Он указал мне на эту надпись и несколько испуганно сказал, что уж лучше Эллен, чем Кальсиопея. Я увидел, что он выздоравливает, и не замедлил предложить через день-другой продолжить наше путешествие.
Не стану утомлять читателя, проводя его с собою по хорошо хоженым тропам. Мы останавливались в Сиене, Кортоне, Орвието, Перудже и многих других городах, а после двух недель, поделенных между Римом и Неаполем, отправились в Венецианские области и, посетив все эти волшебные городки, что лежат между северными склонами Альп и южными — Апеннин, вернулись через Сан-Готард. Не уверен, что Эрнест наслаждался путешествием более моего, но лишь к моменту нашего возвращения его силы восстановились настолько, что его можно было назвать вполне здоровым, и только по прошествии месяцев он утратил, наконец, ощущение ран, нанесённых ему последними четырьмя годами, утратил настолько, что мог ощущать уже одни лишь шрамы, и только.
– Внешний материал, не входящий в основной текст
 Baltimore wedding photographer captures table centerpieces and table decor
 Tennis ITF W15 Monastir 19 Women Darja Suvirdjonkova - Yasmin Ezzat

Говорят, когда люди теряют руку или ногу, они долго ещё по временам чувствуют боль в несуществующей конечности. Боль, о которой Эрнест почти забыл, вернулась к нему по возвращении в Англию — это жало тюремного заключения. Пока он был всего лишь мелким лавочником, оно ничего не значило; никто о нём не знал, а если бы даже знали, так и пусть; теперь же, хотя он возвращался к прежнему своему положению, он возвращался опозоренным, и боль, от которой он был в предыдущем случае защищён окружением столь для себя новым, что вряд ли и осознавал, находясь в нём, кто он таков, эта боль теперь была, как боль от раны, нанесённой вчера.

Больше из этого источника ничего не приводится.